INSTRUCTIONS TO FOLLOW:
Beginning at the line that contains "Wedding photography by", reproduce the entries below exactly, ending with the line that contains "Historic trading wherry". Omit each picture.

** Opening PROVIDED DATA block **

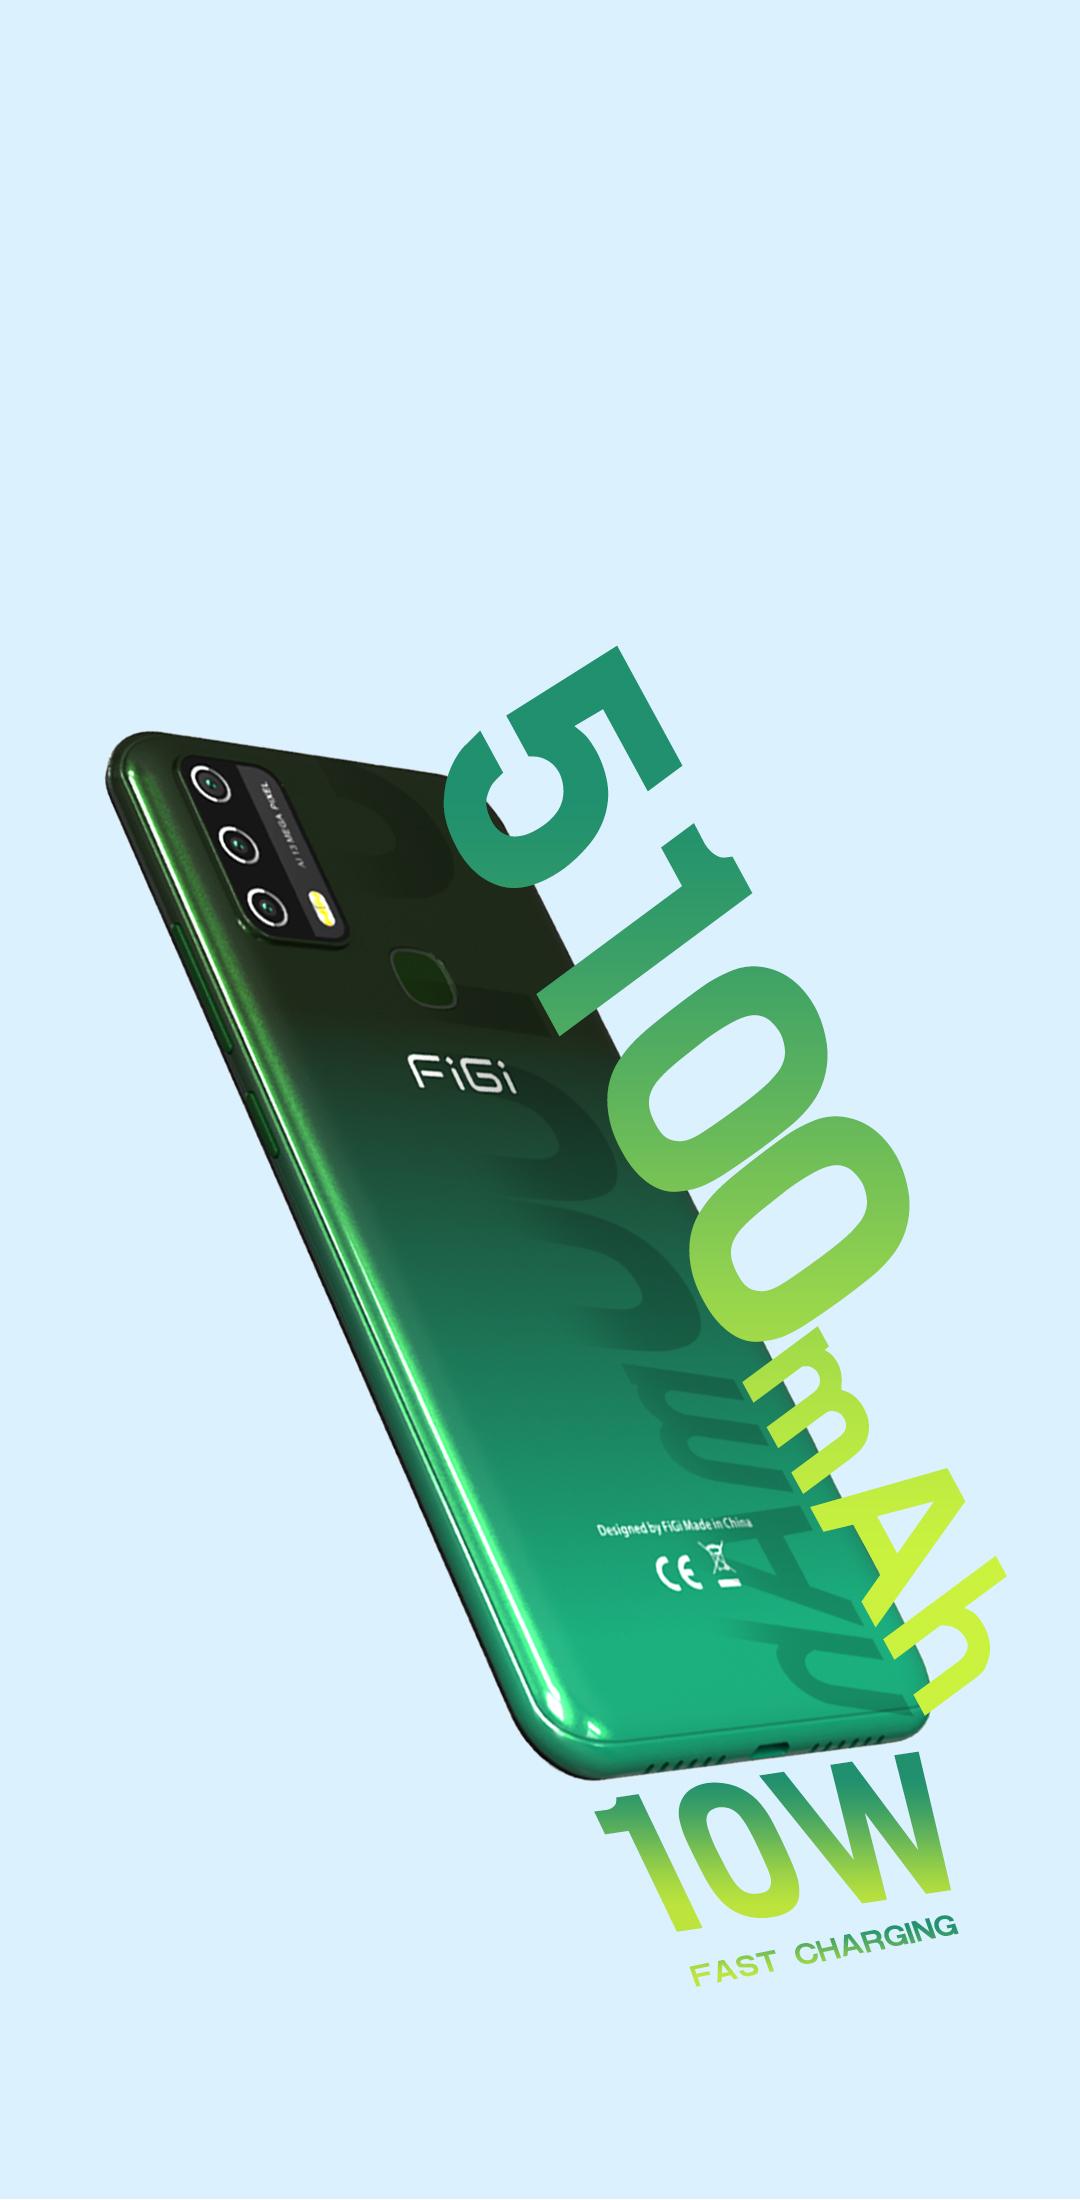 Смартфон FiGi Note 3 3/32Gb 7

** Closing PROVIDED DATA block **
** Opening PROVIDED DATA block **

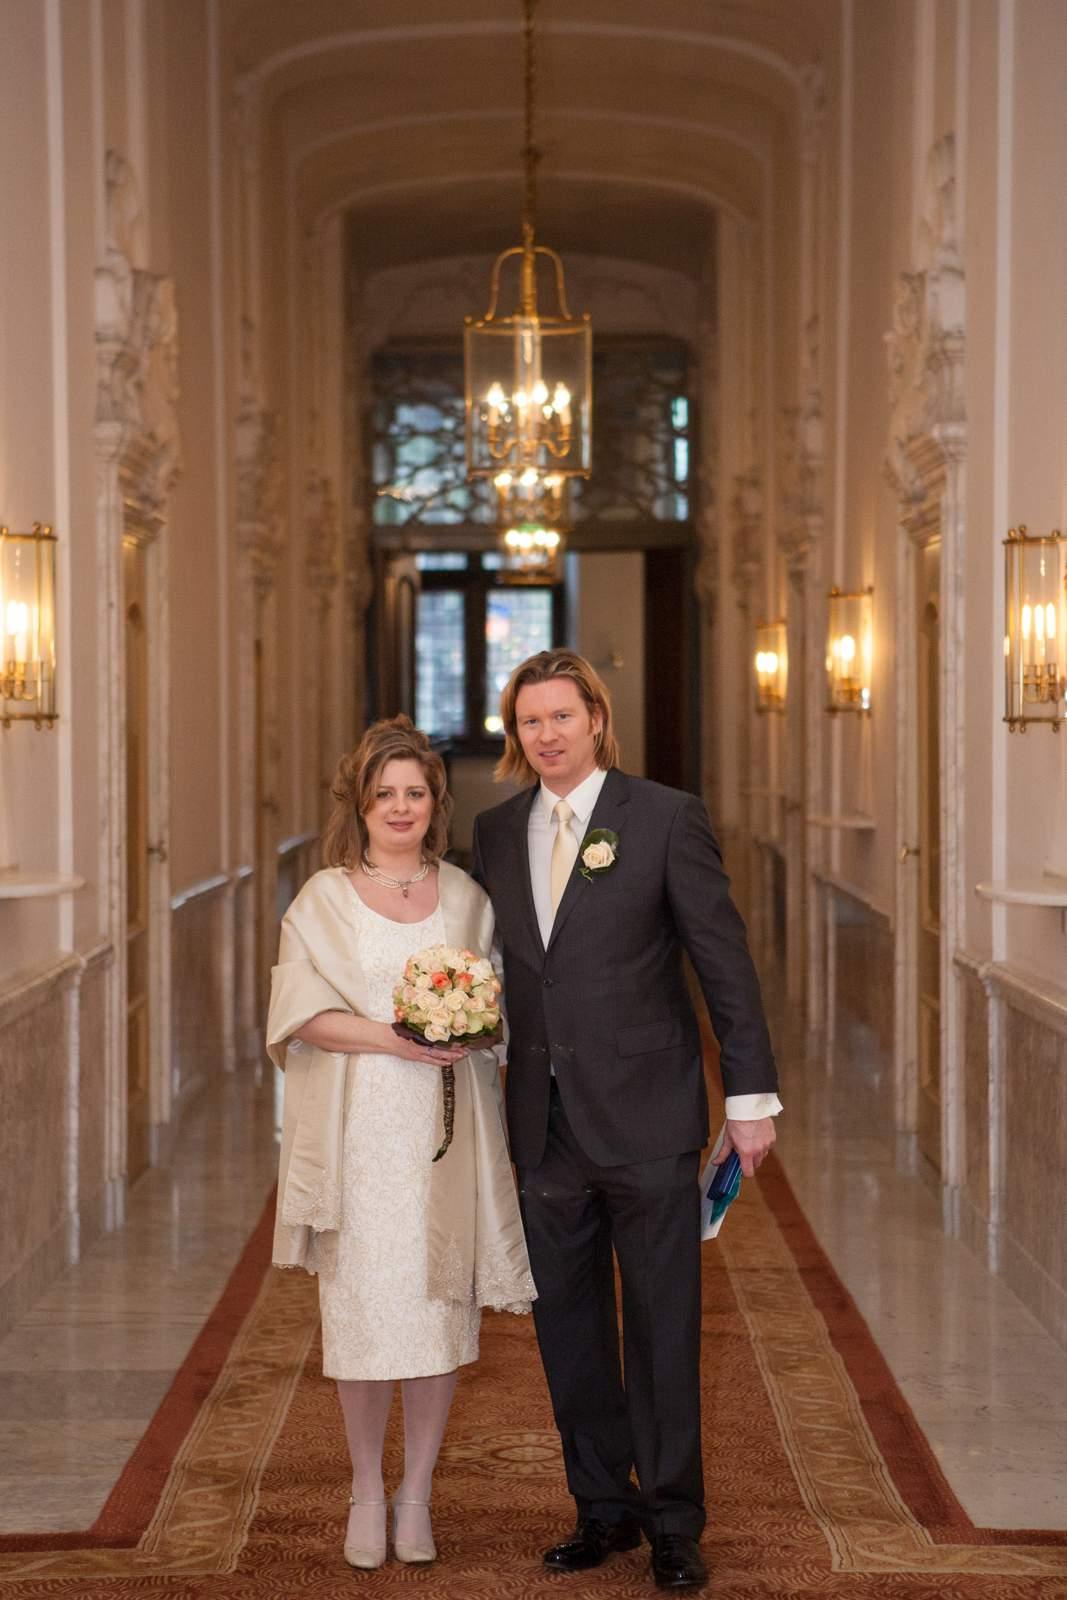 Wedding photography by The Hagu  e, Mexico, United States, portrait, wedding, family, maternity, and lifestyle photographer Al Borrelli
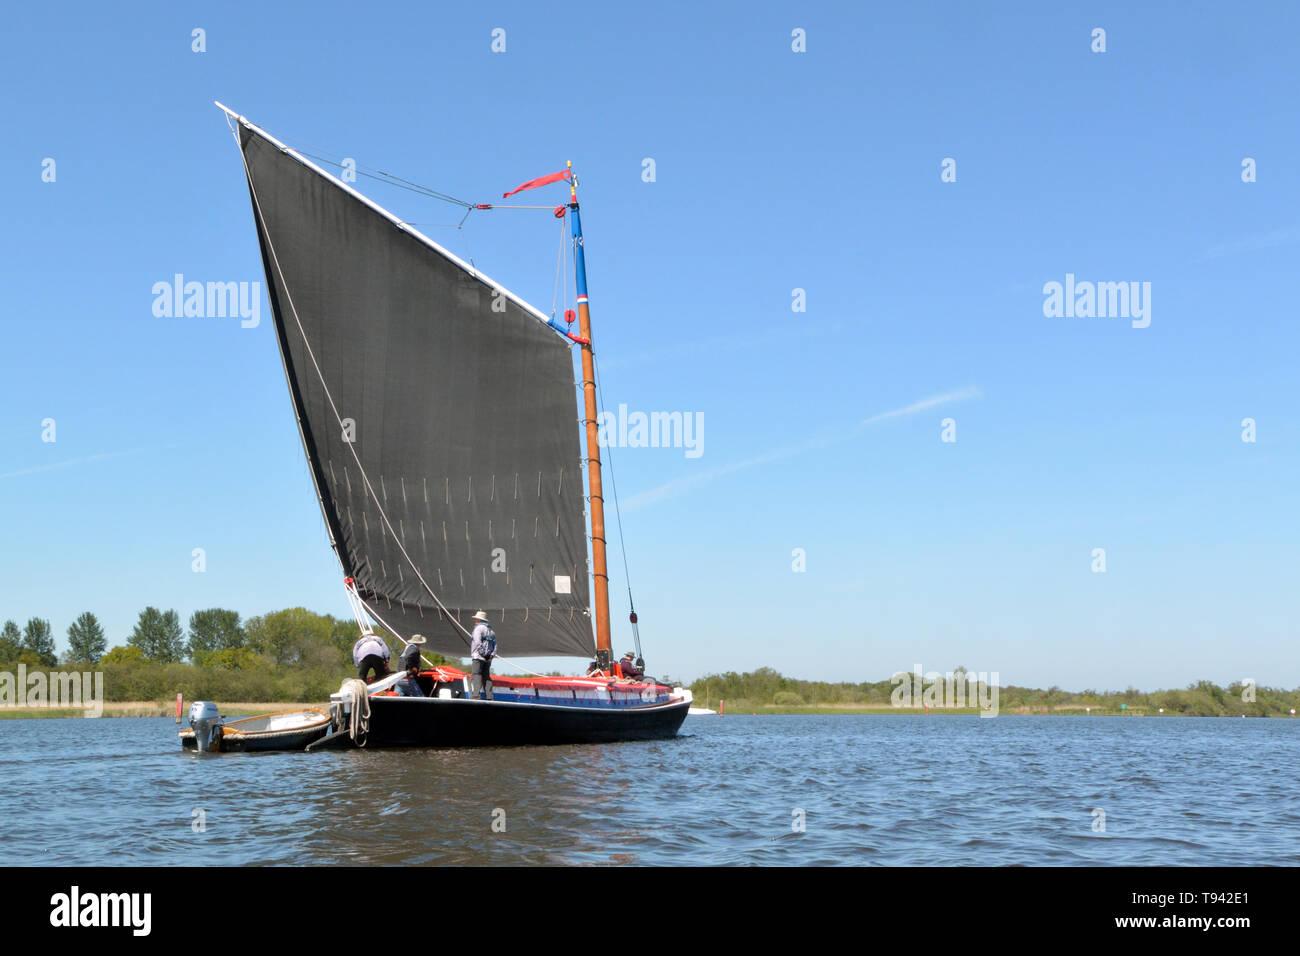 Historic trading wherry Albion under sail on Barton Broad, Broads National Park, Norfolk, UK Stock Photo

** Closing PROVIDED DATA block **
** Opening PROVIDED DATA block **

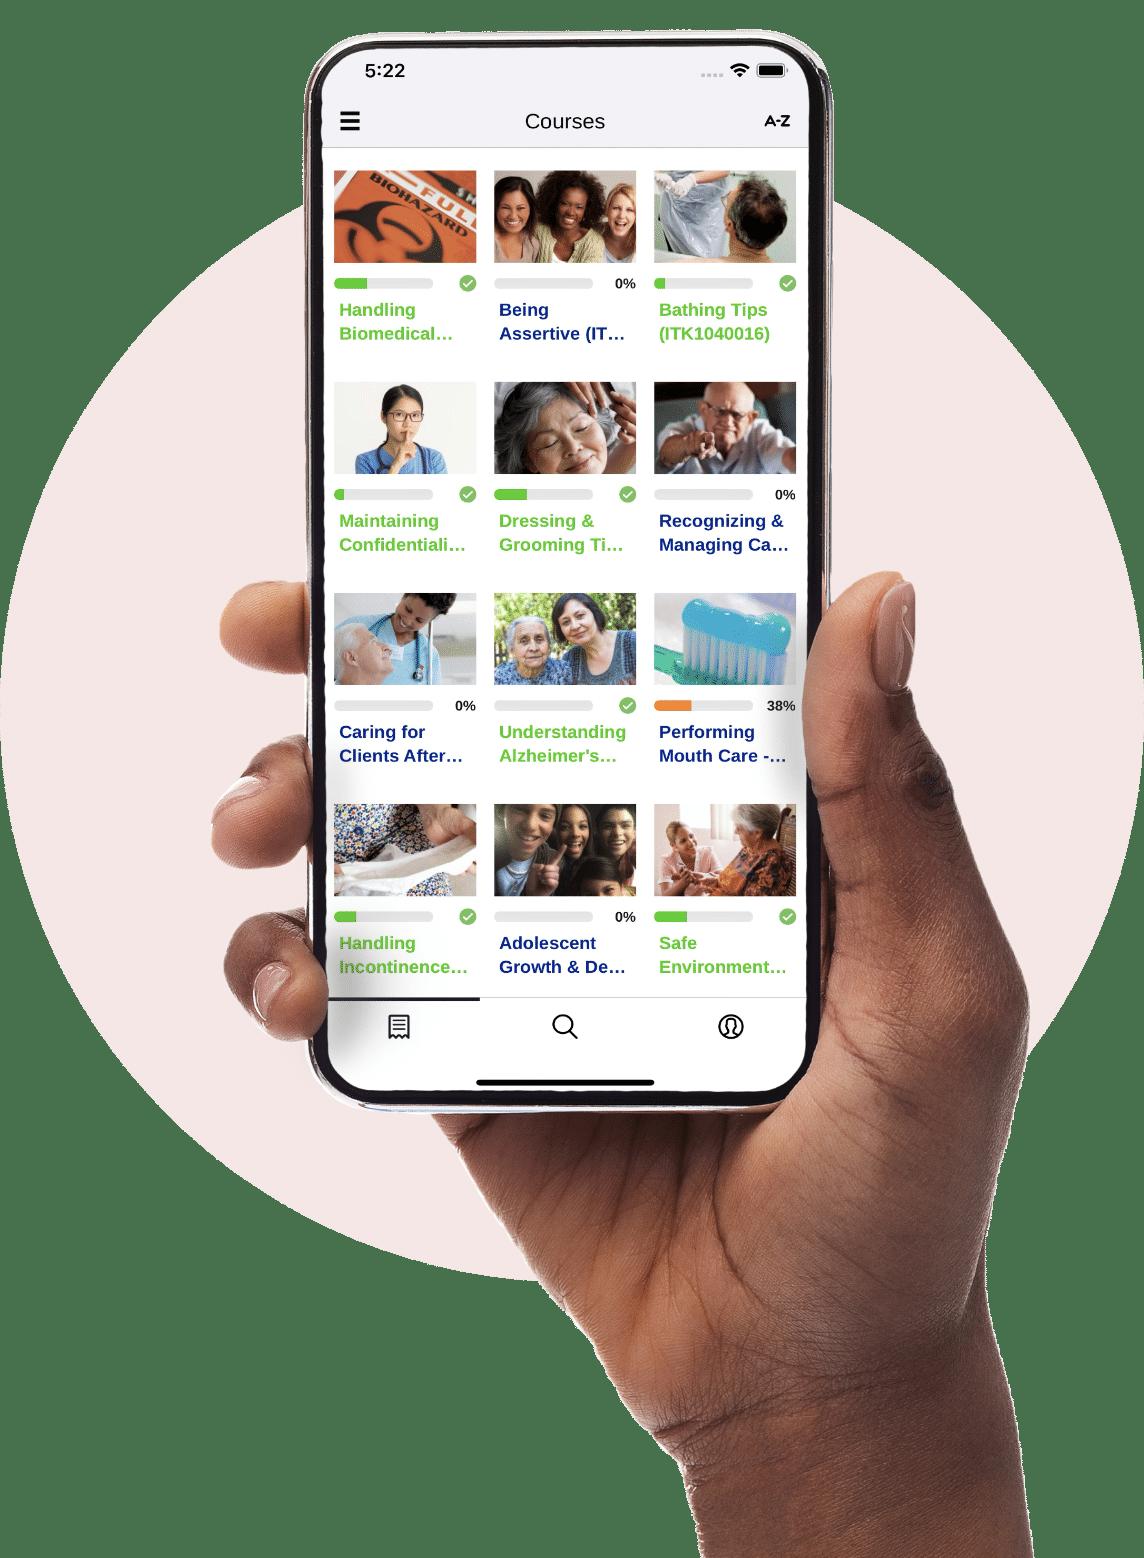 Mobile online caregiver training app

** Closing PROVIDED DATA block **

EXERCISE ANSWER:
 Wedding photography by The Hagu  e, Mexico, United States, portrait, wedding, family, maternity, and lifestyle photographer Al Borrelli
 Historic trading wherry Albion under sail on Barton Broad, Broads National Park, Norfolk, UK Stock Photo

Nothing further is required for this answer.